Auch andere Bereiche wie Logistik, IT-Dienstleistungen oder das Finanz- und Rechnungswesen werden vermehrt von externen Dienstleistungsunternehmen übernommen.

 

Vorteile Outsourcing

Die deutlichsten Vorteile sind wie erwähnt, die Sicherung der Servicequalität sowie die Kostenoptimierung.
Da die Call Center Mitarbeiter professionell geschult sind, steigert sich automatisch der professionelle Eindruck des Unternehmens. Knapp 64 Prozent der Verbraucher sind der Meinung, dass der Kundenservice sehr wichtig ist. Durch einen guten Service ergibt sich ebenso eine positive Nachhaltigkeit in Bezug auf die Geschäftsbeziehungen einer Unternehmung.
Natürlich kosten die Dienstleistungen eines Call Centers auch Geld.
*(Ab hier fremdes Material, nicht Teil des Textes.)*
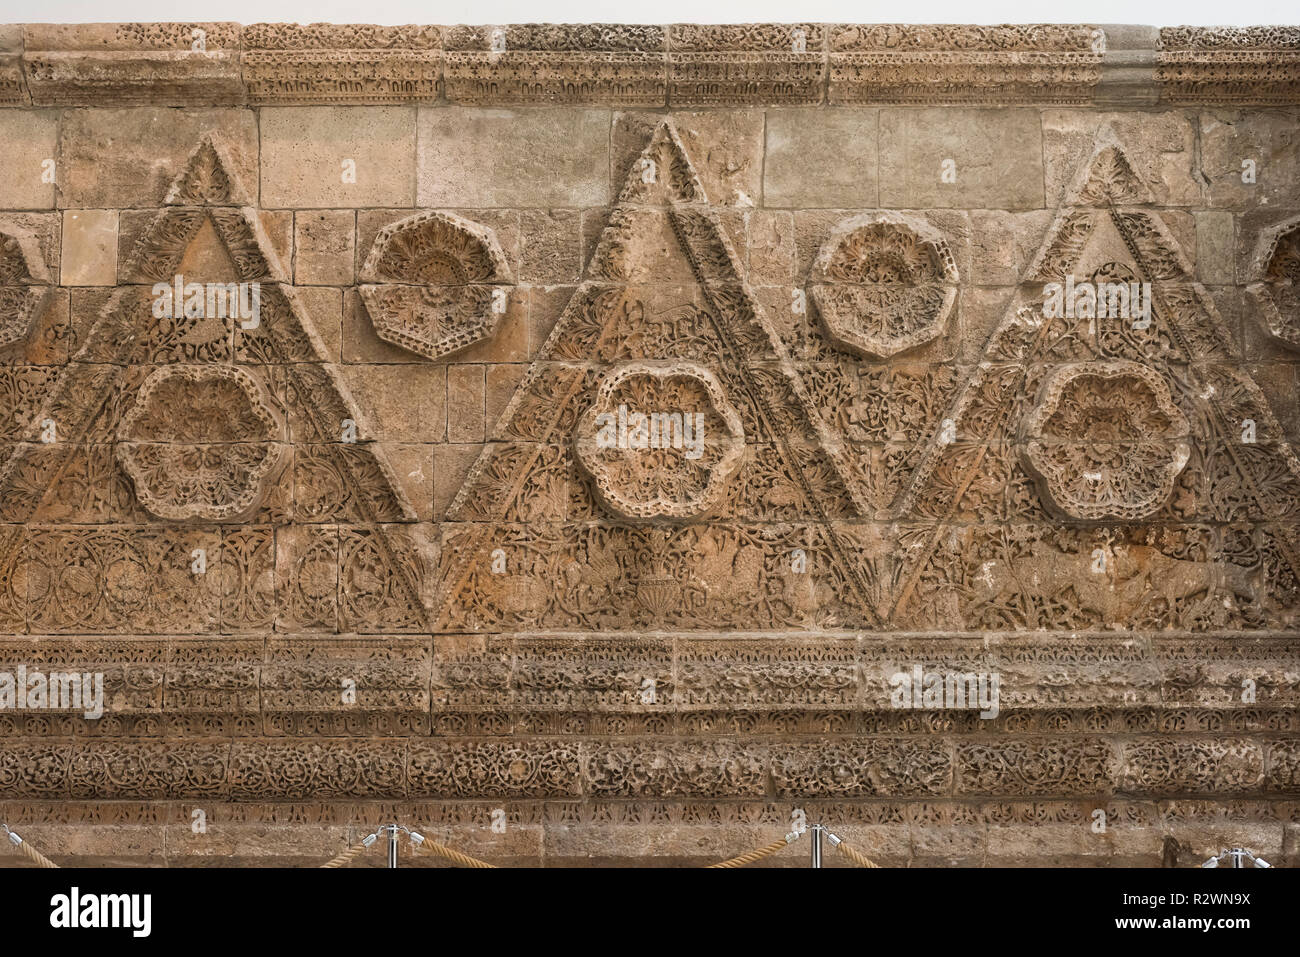 Berlin. Deutschland. Pergamon Museum. Die Mshatta Fassade, Teil einer eingerichteten Wüste schloss Wand von einem Palast der Umayyaden Qasr Al-Mshatta, in Jorda gebaut Stockfoto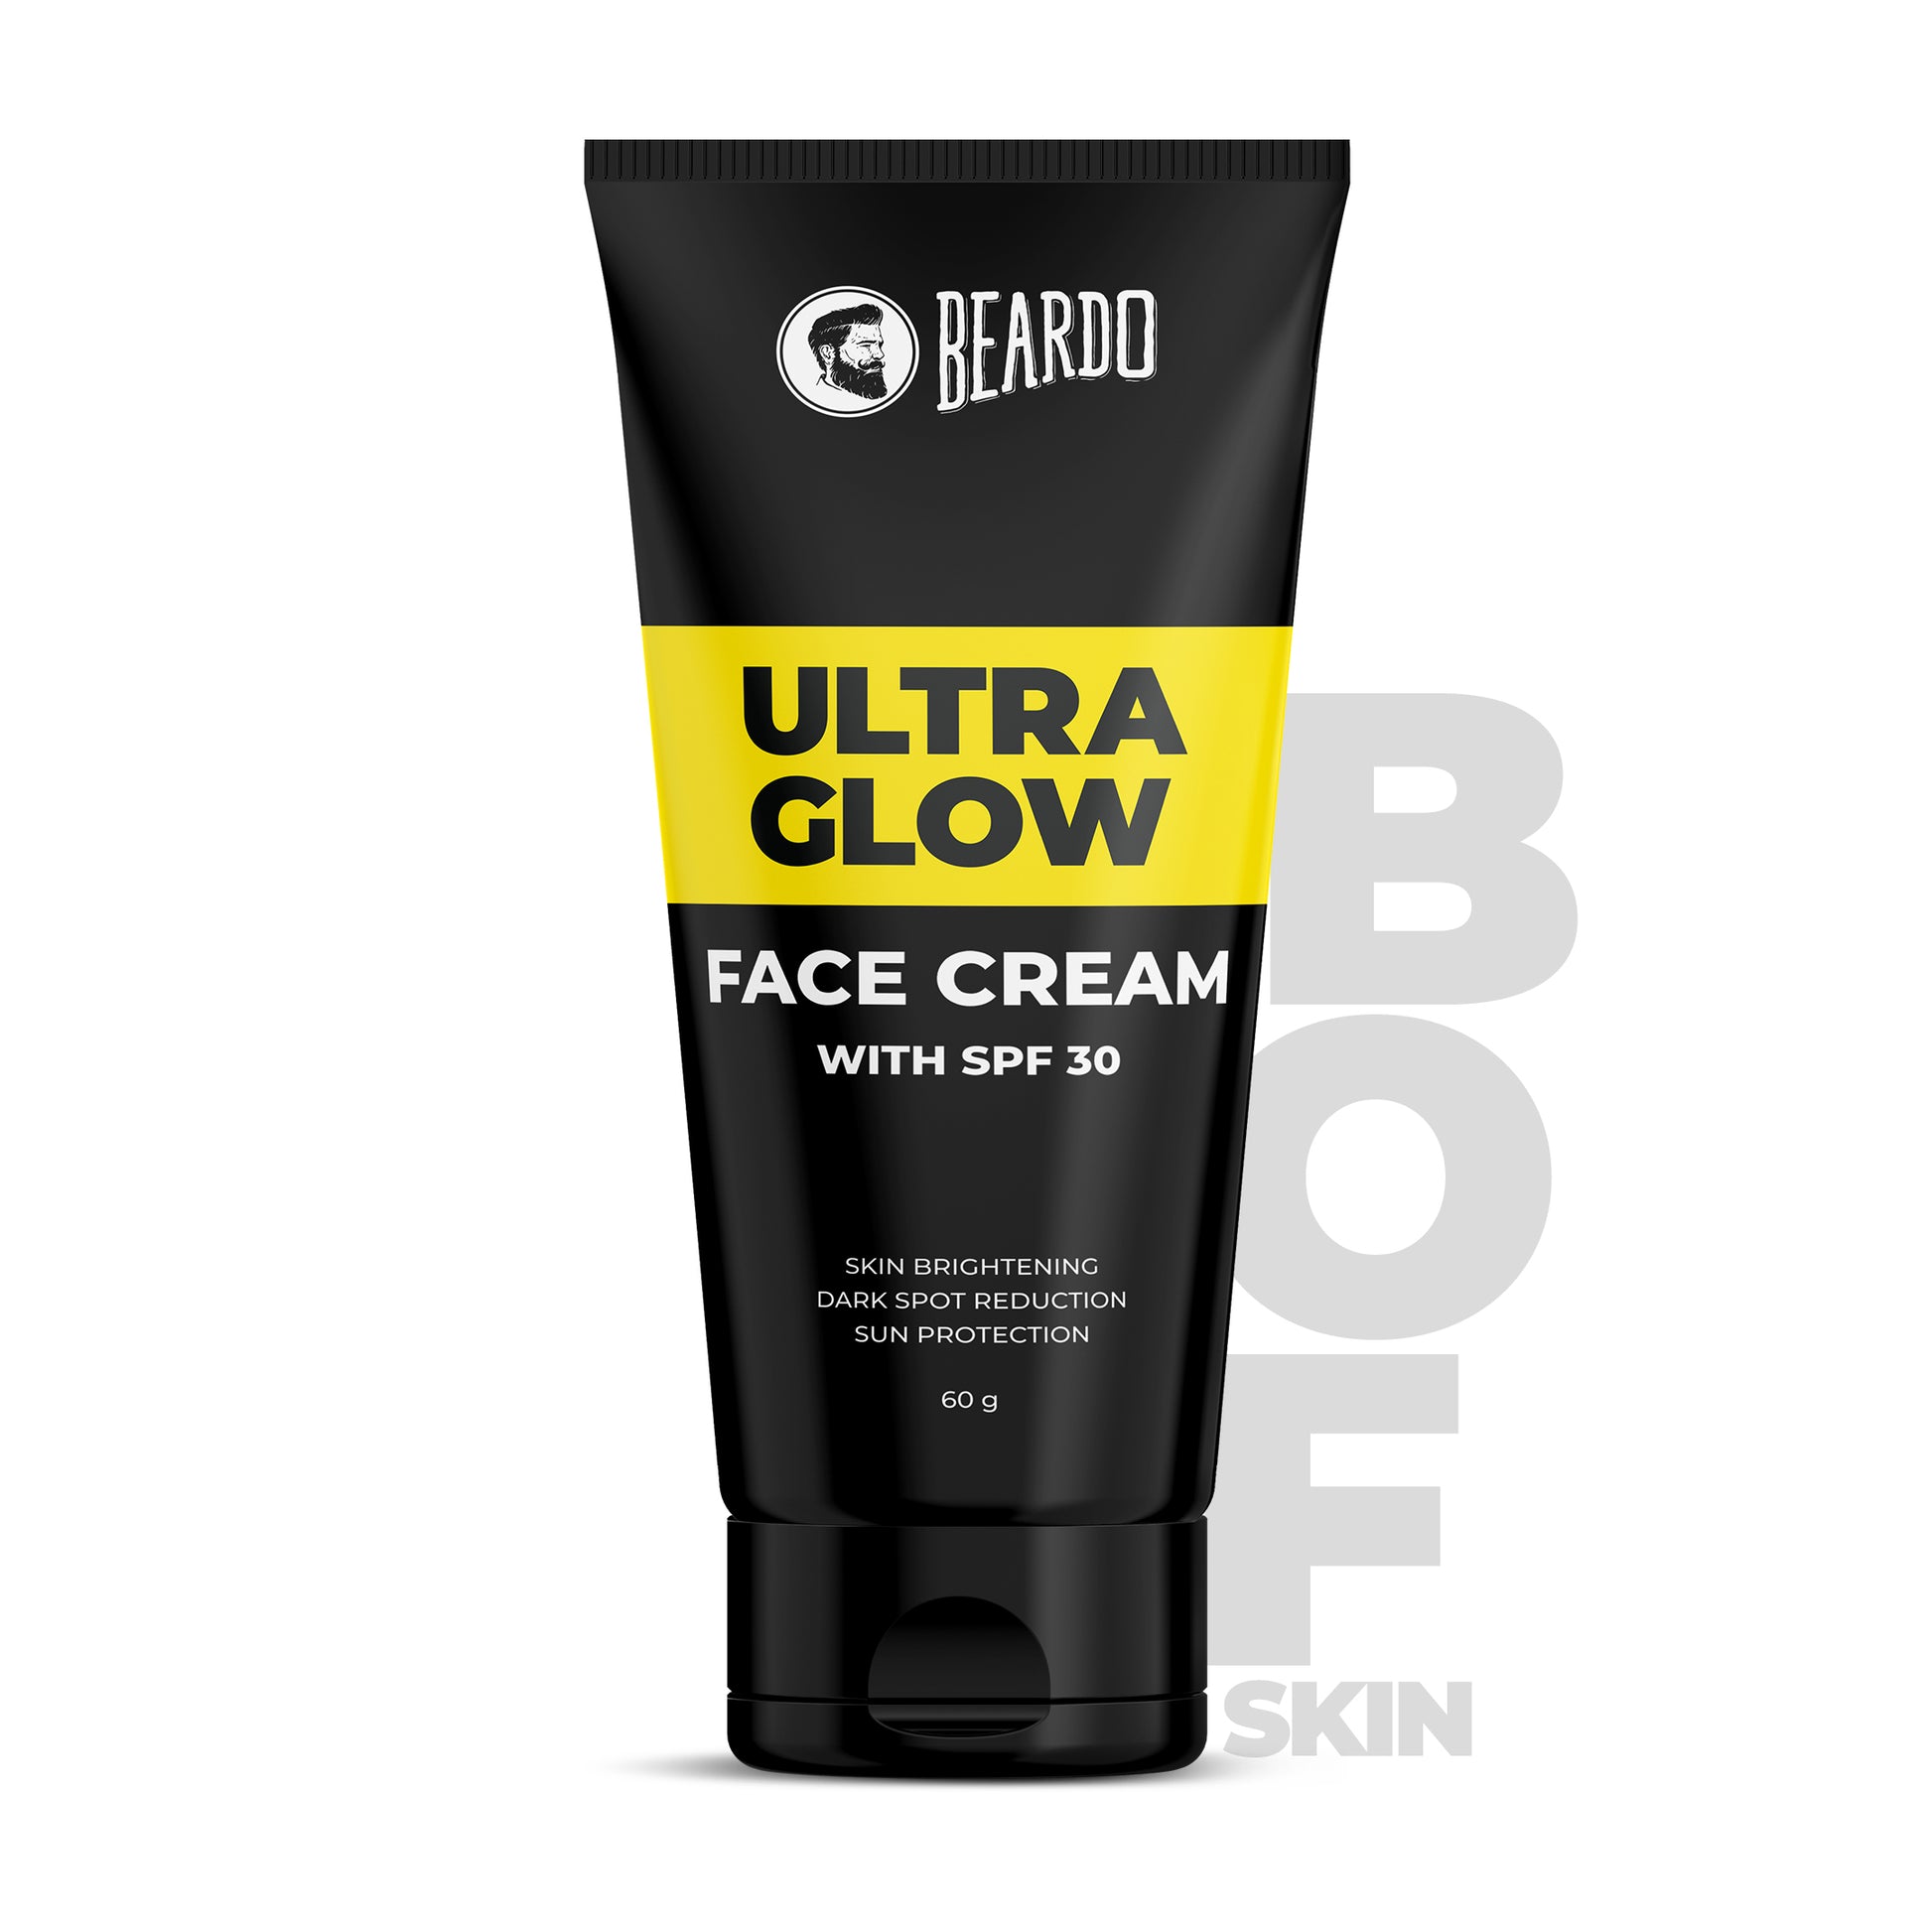 ultraglow face cream, beardo ultraglow cream, beardo ultraglow face cream, beardo face cream, face cream for men

Diese variieren je nach Leistungsart und –umfang. Bei einer guten Auftragslage bzw. einem gesunden erwirtschafteten Gewinn, decken sich diese Ausgaben in der Regel.
Ein weiterer, entscheidender Vorteil ergibt sich dadurch, dass die Contact Center rund um die Uhr, 365 Tage im Jahr, besetzt sind. Somit ergibt sich eine ständige Erreichbarkeit für die Kunden eines Unternehmens, um Kontakt aufzunehmen. Der Auftraggeber wird im Anschluss per Email, Fax, SMS über das Kundenanliegen informiert.

Die richtige Wahl

Outsourcing über ein Call Center zu betreiben, muss gut durchdacht sein. Die Wahl des passenden Anbieters ist von mehreren Faktoren abhängig. Zuverlässigkeit sowie entsprechende Servicequalität sind als Grundvoraussetzung anzusehen. Es gibt Dienstleister, die sich auf bestimmte Bereiche bzw. Branchen spezialisieren, dies erleichtert ebenfalls die Selektion des richtigen Anbieters. Auch ist es wichtig, eine ständige Kontrolle über die outgesourcten Bereiche zu haben. Die Call Center verfügen zwar über eine eigene Controlling-Abteilung, jedoch weiß ein Unternehmen immer noch selbst am besten, ob der definierte Qualitätsstandard eingehalten wird.

Outsourcing kann bei sinnvoller Ausgliederung der richtigen Geschäftsprozesse sowie der Wahl des passenden Anbieters als Segen für die eigene Unternehmung angesehen werden. Vor allem die Übernahme von alltäglichen Büroaufgaben durch Dialogmanagement-Betriebe erfreut sich einer immer höheren Beliebtheit.